**Work to be completed:**
Up to and including the line that contains "Superhero Theme Cakes - LallanTop Cake Shop", repeat each line of the data exactly, starting from the first.

========

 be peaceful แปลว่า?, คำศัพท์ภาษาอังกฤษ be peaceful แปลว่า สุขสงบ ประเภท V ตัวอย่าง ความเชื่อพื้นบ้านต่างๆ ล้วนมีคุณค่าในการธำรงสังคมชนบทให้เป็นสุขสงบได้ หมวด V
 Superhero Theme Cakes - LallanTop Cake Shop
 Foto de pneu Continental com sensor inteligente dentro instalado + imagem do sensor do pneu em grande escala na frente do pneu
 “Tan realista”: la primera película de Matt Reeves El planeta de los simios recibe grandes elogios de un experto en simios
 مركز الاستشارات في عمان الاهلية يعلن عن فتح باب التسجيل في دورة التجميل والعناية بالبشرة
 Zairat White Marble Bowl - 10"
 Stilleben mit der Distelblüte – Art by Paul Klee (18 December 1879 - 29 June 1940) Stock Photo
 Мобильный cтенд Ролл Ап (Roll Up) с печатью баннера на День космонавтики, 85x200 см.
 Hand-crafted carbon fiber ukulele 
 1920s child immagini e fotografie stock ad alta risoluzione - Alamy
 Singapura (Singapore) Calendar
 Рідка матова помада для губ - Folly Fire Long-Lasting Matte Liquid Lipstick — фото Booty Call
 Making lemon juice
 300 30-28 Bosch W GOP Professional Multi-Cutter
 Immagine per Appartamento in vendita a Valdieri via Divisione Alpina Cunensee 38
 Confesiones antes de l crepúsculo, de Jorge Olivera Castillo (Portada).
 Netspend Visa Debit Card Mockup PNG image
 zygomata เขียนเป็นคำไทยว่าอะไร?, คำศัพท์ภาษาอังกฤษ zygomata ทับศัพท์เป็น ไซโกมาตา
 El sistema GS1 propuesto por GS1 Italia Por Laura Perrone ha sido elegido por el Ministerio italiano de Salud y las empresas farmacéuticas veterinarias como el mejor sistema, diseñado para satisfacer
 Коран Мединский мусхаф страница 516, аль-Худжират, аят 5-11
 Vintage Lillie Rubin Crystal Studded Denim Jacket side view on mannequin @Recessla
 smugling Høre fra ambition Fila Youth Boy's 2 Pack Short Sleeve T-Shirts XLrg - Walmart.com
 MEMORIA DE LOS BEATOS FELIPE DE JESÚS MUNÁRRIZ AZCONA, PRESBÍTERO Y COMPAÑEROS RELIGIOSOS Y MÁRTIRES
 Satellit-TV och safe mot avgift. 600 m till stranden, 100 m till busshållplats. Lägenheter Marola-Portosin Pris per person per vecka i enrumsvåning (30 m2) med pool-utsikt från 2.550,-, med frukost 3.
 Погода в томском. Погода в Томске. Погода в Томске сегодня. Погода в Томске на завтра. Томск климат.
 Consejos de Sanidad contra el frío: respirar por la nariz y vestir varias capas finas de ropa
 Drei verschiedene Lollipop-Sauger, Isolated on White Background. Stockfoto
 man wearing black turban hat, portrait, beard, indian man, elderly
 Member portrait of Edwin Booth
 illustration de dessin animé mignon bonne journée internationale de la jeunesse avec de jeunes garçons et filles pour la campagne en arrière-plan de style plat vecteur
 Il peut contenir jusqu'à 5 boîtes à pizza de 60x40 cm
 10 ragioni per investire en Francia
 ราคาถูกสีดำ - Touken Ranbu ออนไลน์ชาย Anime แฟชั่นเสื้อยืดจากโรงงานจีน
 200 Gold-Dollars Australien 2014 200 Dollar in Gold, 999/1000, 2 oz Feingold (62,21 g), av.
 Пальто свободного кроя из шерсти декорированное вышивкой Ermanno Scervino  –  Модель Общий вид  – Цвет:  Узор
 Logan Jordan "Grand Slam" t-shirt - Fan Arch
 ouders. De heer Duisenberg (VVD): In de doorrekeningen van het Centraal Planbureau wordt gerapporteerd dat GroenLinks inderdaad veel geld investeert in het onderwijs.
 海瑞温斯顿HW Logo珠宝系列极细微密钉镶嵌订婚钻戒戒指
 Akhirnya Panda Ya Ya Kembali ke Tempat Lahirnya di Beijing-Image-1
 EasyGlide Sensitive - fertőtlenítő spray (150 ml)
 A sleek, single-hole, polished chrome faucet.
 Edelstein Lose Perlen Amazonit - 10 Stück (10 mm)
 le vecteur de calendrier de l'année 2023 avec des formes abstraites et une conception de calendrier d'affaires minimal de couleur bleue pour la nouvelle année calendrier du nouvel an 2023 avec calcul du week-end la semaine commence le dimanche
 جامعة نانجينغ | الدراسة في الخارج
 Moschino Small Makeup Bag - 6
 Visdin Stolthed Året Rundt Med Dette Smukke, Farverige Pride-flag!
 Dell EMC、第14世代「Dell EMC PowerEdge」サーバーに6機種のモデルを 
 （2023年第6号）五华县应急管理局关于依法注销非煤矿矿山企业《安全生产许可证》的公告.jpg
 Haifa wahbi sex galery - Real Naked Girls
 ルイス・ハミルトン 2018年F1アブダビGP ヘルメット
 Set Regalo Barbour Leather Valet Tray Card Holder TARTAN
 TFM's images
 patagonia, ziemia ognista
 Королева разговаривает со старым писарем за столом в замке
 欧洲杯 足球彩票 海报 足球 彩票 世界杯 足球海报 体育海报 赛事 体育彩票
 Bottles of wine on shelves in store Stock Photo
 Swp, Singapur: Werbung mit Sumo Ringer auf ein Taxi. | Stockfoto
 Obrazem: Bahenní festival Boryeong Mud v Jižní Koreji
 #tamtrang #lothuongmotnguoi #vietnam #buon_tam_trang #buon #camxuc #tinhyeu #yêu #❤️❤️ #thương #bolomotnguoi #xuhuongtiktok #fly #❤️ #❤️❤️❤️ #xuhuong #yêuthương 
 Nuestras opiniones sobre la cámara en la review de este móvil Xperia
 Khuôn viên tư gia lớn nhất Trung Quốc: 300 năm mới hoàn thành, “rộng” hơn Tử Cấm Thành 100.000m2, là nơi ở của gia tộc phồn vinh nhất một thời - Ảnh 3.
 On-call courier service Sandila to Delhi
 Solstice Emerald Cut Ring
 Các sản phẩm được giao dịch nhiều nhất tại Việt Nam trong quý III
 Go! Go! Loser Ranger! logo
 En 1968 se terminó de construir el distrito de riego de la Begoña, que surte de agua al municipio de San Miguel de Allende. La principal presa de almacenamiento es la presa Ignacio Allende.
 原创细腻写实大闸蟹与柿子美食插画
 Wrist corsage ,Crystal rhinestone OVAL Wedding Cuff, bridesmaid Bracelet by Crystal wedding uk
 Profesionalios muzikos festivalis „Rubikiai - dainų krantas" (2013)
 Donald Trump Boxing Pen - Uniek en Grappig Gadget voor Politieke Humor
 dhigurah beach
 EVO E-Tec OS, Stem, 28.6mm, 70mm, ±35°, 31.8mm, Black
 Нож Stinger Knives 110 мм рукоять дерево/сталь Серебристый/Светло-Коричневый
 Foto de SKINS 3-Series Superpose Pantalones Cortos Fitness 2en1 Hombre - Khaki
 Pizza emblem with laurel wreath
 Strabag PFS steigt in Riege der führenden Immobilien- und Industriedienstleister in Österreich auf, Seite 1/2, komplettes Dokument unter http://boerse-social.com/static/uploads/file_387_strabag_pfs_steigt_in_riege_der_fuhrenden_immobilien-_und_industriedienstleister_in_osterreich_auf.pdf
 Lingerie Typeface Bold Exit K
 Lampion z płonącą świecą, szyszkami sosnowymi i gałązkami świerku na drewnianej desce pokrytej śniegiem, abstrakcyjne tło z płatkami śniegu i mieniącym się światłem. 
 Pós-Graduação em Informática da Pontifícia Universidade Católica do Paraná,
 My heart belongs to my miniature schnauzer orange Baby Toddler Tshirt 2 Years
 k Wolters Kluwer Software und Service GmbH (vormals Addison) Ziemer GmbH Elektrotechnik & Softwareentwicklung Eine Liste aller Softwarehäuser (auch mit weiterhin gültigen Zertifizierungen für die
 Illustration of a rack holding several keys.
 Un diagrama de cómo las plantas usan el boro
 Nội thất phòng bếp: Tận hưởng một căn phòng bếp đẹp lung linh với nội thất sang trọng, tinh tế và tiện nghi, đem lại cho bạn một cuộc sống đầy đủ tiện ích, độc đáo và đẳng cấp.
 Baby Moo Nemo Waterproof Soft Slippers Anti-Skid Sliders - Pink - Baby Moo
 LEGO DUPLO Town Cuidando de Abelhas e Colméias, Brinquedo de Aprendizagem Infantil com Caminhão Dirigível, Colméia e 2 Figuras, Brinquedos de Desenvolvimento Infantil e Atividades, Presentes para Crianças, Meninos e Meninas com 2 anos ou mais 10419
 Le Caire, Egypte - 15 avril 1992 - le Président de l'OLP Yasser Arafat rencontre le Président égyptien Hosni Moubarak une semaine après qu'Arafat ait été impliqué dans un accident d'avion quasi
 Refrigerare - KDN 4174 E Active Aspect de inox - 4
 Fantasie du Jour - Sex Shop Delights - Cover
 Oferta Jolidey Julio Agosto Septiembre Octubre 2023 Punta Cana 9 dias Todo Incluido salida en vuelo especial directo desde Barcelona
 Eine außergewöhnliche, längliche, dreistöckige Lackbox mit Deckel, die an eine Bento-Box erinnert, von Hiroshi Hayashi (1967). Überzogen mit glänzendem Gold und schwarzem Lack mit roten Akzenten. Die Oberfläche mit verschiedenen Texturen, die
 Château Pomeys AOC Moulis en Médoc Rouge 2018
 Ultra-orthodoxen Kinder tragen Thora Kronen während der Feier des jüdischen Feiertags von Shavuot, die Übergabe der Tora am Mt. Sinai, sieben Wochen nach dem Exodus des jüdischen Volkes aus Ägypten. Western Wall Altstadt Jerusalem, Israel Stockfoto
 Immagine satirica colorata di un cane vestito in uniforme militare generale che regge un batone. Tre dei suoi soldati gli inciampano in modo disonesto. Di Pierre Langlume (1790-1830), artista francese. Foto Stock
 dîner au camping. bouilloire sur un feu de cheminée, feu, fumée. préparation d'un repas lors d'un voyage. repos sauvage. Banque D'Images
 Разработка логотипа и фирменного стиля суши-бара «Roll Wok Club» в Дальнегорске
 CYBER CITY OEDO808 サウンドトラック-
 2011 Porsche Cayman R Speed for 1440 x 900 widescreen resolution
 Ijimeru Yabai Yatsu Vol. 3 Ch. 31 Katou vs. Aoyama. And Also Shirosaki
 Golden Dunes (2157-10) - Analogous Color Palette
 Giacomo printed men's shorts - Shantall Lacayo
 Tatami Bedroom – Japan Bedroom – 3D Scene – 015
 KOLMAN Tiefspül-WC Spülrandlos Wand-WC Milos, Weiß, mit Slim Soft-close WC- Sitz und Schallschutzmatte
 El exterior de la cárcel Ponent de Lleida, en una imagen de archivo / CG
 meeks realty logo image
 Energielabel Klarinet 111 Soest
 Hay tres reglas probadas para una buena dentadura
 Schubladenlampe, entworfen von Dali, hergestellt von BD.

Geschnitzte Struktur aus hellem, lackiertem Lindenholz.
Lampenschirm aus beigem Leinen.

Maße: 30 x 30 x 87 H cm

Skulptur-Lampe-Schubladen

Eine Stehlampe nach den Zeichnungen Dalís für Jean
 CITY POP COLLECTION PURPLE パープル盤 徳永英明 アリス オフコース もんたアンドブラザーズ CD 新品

========

**Your response:**
 be peaceful แปลว่า?, คำศัพท์ภาษาอังกฤษ be peaceful แปลว่า สุขสงบ ประเภท V ตัวอย่าง ความเชื่อพื้นบ้านต่างๆ ล้วนมีคุณค่าในการธำรงสังคมชนบทให้เป็นสุขสงบได้ หมวด V
 Superhero Theme Cakes - LallanTop Cake Shop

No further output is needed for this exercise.